A currently unique feature Samarai offers is an onboard video camera that transmits a live feed to the operator who can control it by remote control or by an app on smart device. It is capable to provide aa virtual 360 view of its surroundings and you can choose to observe 90 degrees on a relatively steady stream of video.
Since Samarai rotates around an axis in its flight, the onboard video camera captures one frame at the same point in every rotation. The imaging software is able to clear and stabilize the picture, but it still appears a bit fuzzy when it comes to small details. Future advancement of imaging technology and algorithms should solve that problem.
When you fly such a vehicle relying solely on a relatively steady image, you are bound to make it collide with its surroundings. In order to counter that, its developers came up with two solutions. The first collision detection that they tried to implement is an ultrasonic source mounted onto the platform and it relies on the Doppler effect produced by the rotation of the vehicle to sense range.
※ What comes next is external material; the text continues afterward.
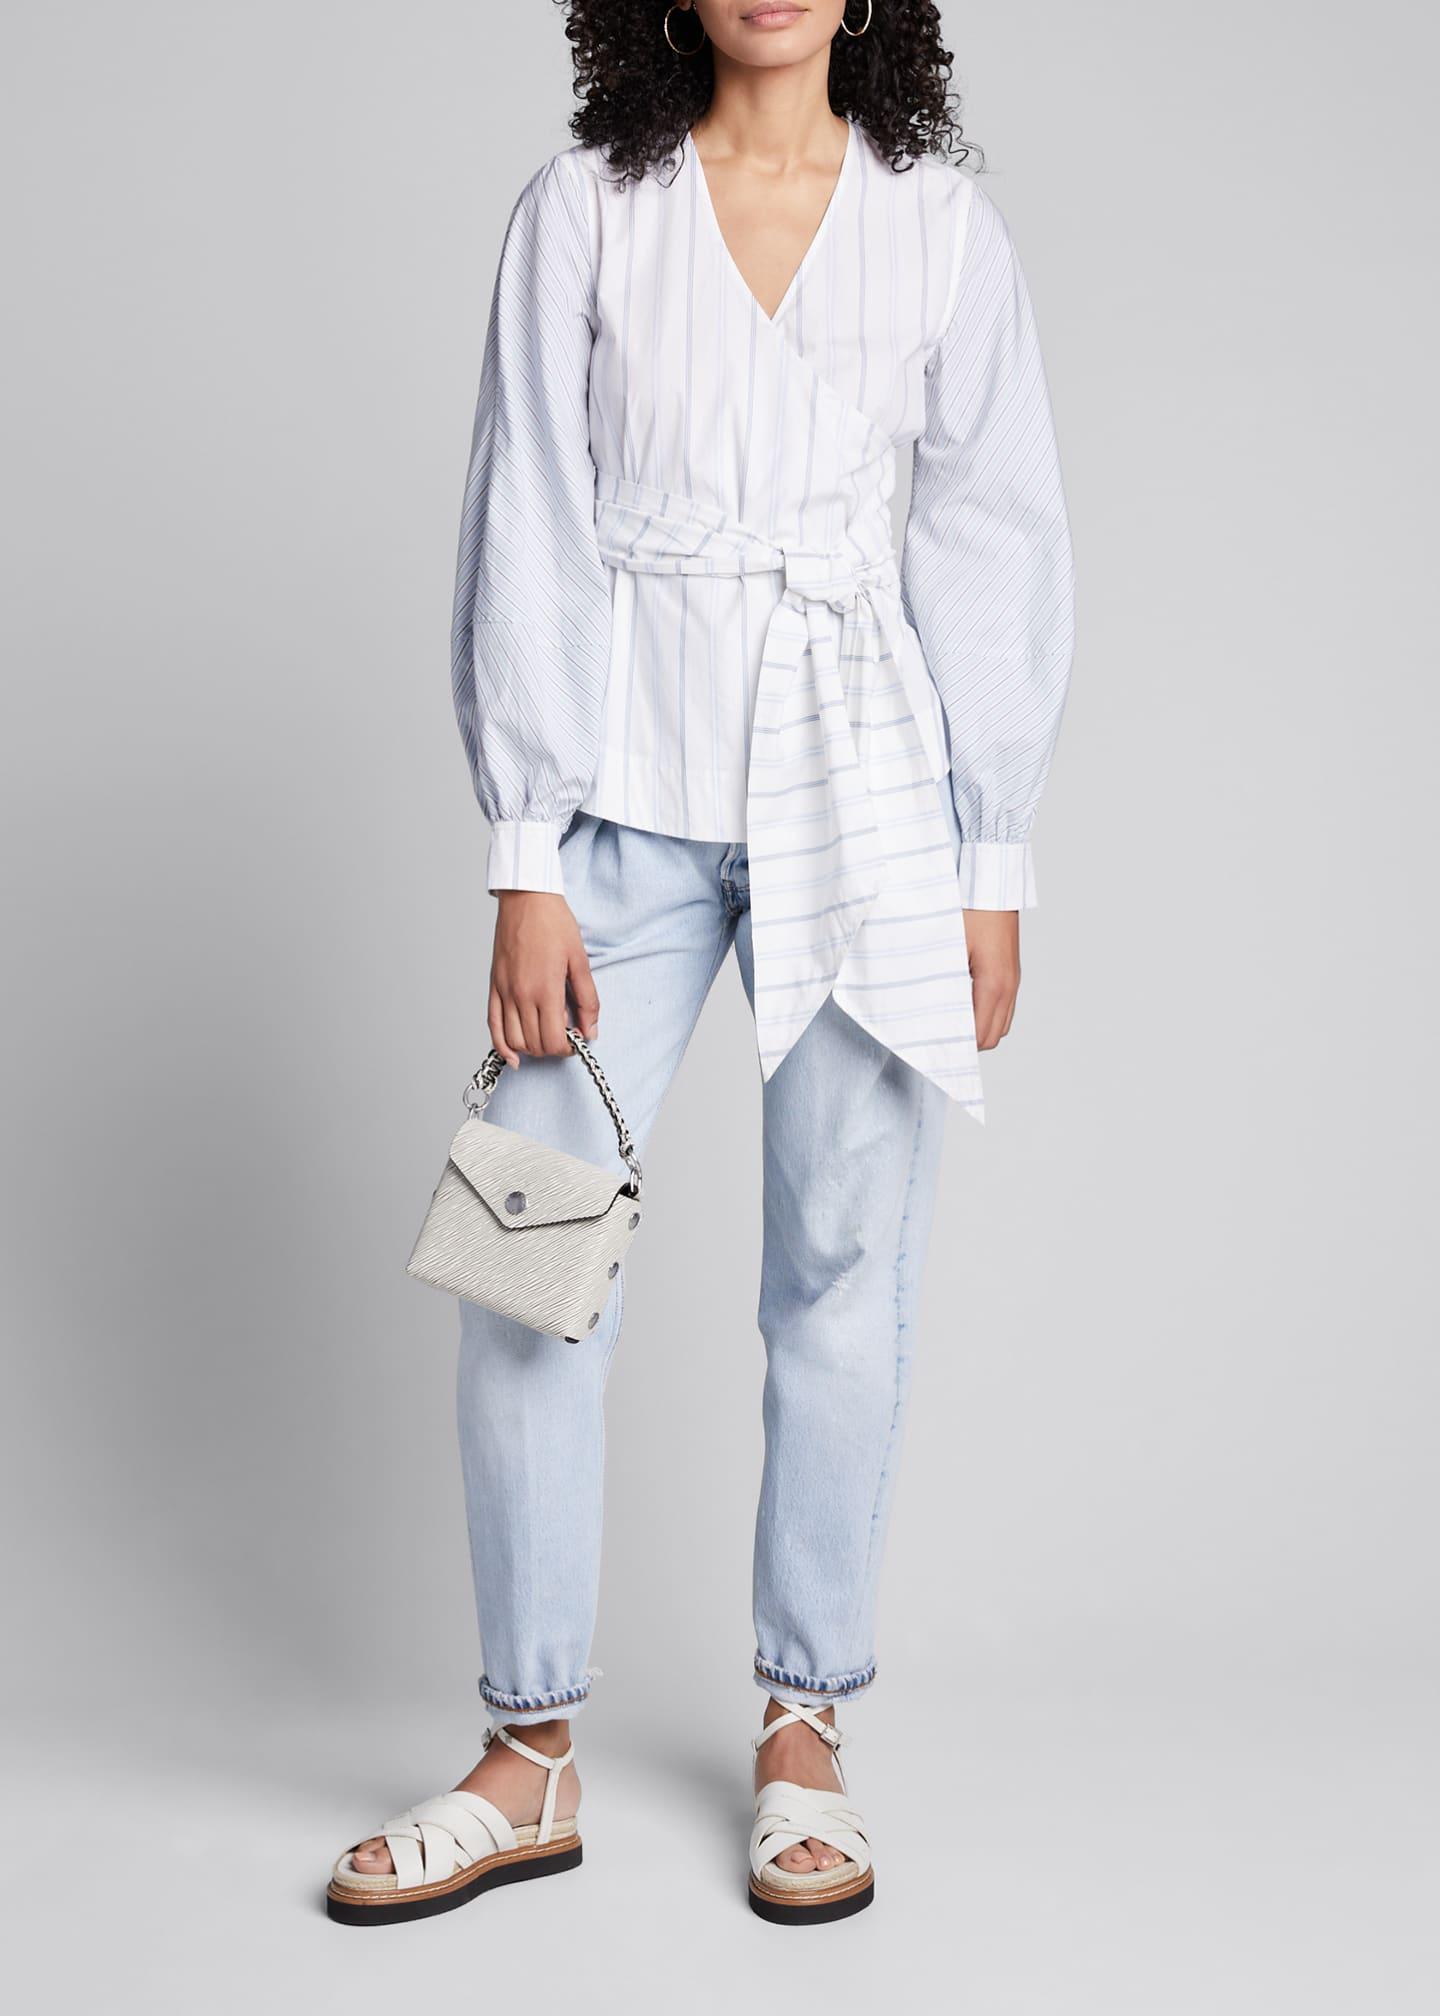 Ganni Striped Shirting Long-Sleeve Wrap Blouse

The second collision detection system is simpler and it is an adjustable “proximity sensor” which uses an optical flow technique similar to that used by insects to avoid collision.
At the Association for Unmanned Vehicle Systems International conference Samarai demonstrated vertical takeoff and landing, stable hover, and on-board video streaming. While the aircraft flew a series of flights in the roughly 40 foot test area, it streamed live video from a camera that rotated around its center providing a 360 degree view without a gimbal.
Samarai’s size and weight enable its operator to easily carry the vehicle in a backpack and launch it from the ground or like a boomerang. The design is scalable to meet different missions, including surveillance and reconnaissance and payload delivery.
Excellent case of biomimicking. Nature offers many solutions to complex problems.